Amy Winehouse / Mr Hudson & The Library – Nottingham Rock City, Monday March 5
It’s always good to see a support act find the right audience, and Mr Hudson & The Library were ideally suited to Amy Winehouse’s good-natured, receptive crowd. Their prime asset was pianist Torville Jones, whose alternately rippling and pounding flurries sat well with the band’s melodic, likeable pop-rock. Funky hip-hop drumming and steel-pan percussion were blended with blokey, conversational “awright geezah” vocals, and distinct echoes of Joe Jackson at his peak.
Amy Winehouse cut a surprisingly petite figure on stage. Dressed in a tiny pink crop-top, her size-zero frame topped by that extraordinary, gravity-defying beehive hairdo, she delivered a controlled, assured performance, with none of the unhinged excesses that you might have expected from recent press reports. Her razor-sharp tongue was only unleashed once, in response to an over-excited woman at the front who screamed “I want your babies!”

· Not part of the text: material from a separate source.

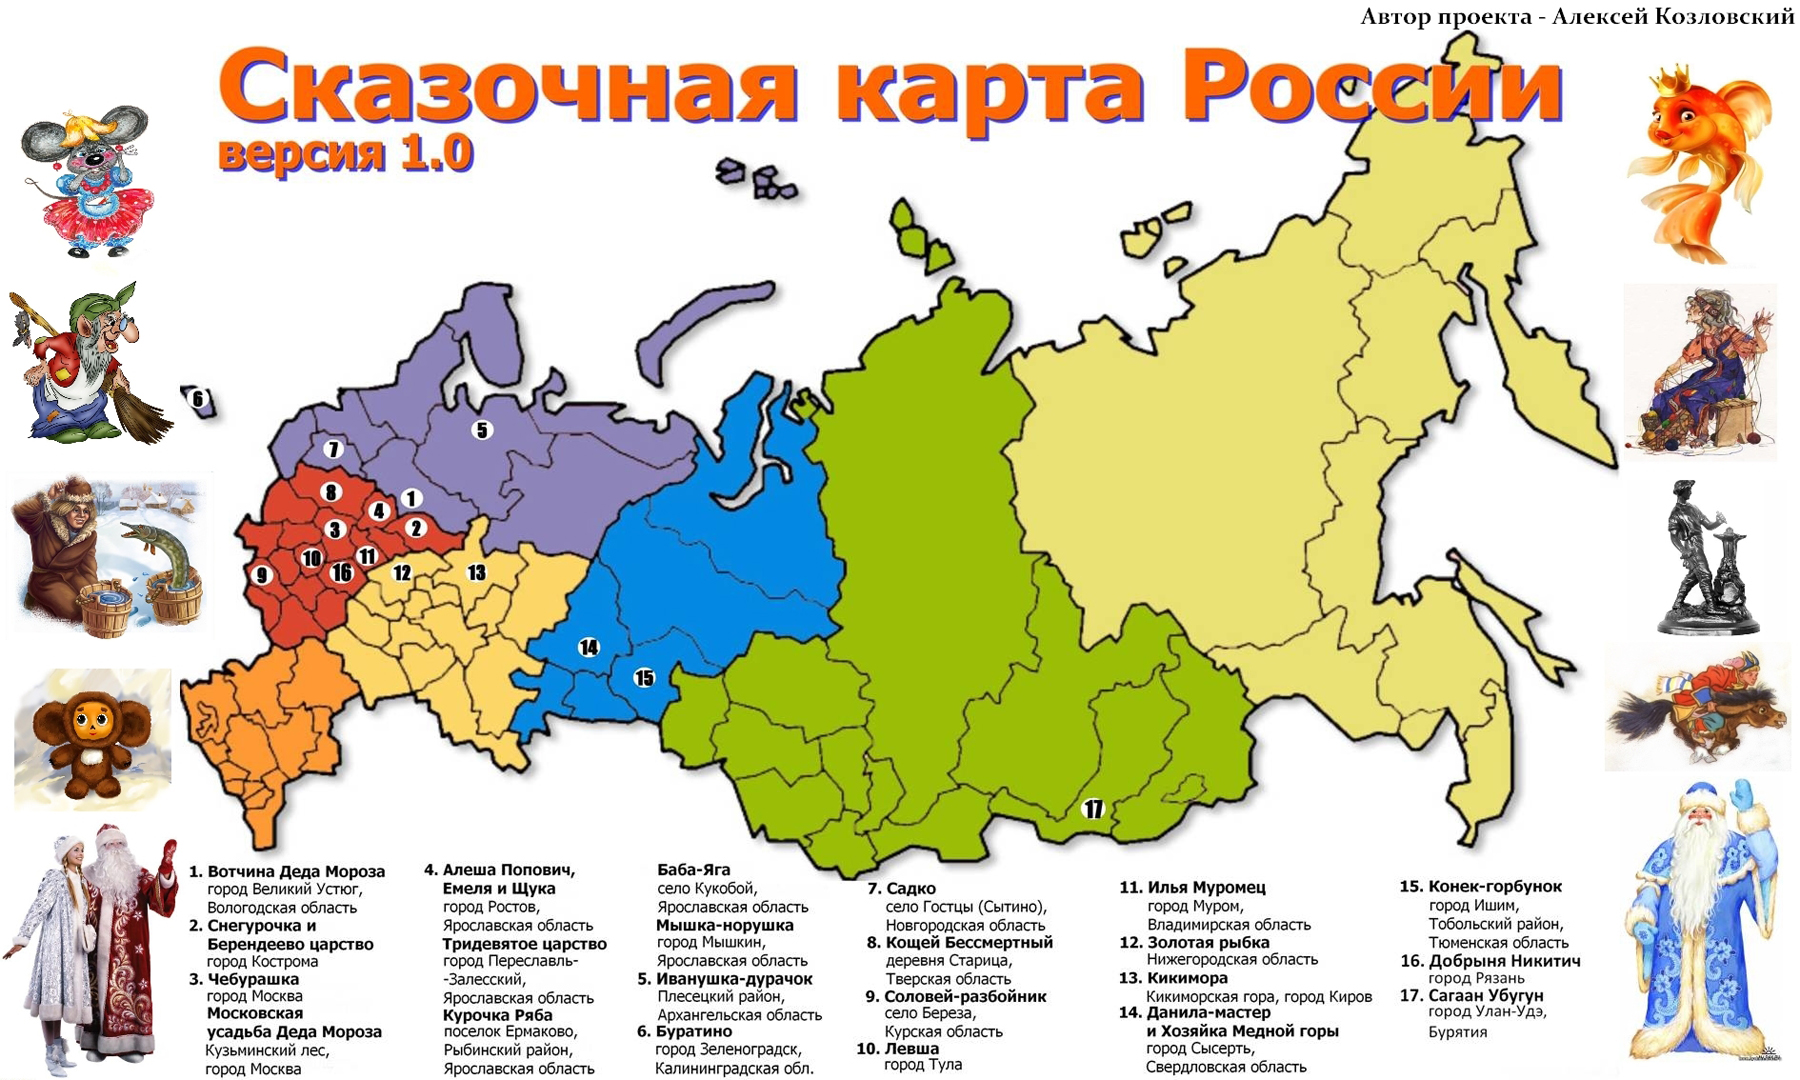 Псковская область России признана родиной Русалки.

“You want my babies?” she retorted, coolly arching an eyebrow. “Who let Madonna in?”
Backed by an eight-piece band, immaculate in sharp black suits and skinny ties, Amy’s show was equal parts supper-club cabaret and Stax soul revue. As such, it seamlessly combined the jazzier material from her debut album and the sharper girl-group stylings from the chart-topping Back To Black, beefing up the former and smoothing the edges off the latter. The vocal performance was sublime: languid and flirty, smooth and dirty, and perfectly pitched for the material.
The set climaxed with Back To Black’s opening three numbers, played in reverse order: Me And Mr Jones, a truly stunning You Know I’m No Good, and the inevitable Rehab. For the encore, the 2-Tone revivalist knees-up of Monkey Man (Toots & The Maytals/The Specials) was followed by a splendidly sassy reworking of The Zutons’ Valerie.
Rock City was lucky indeed to catch this rising star in such an appropriately intimate setting.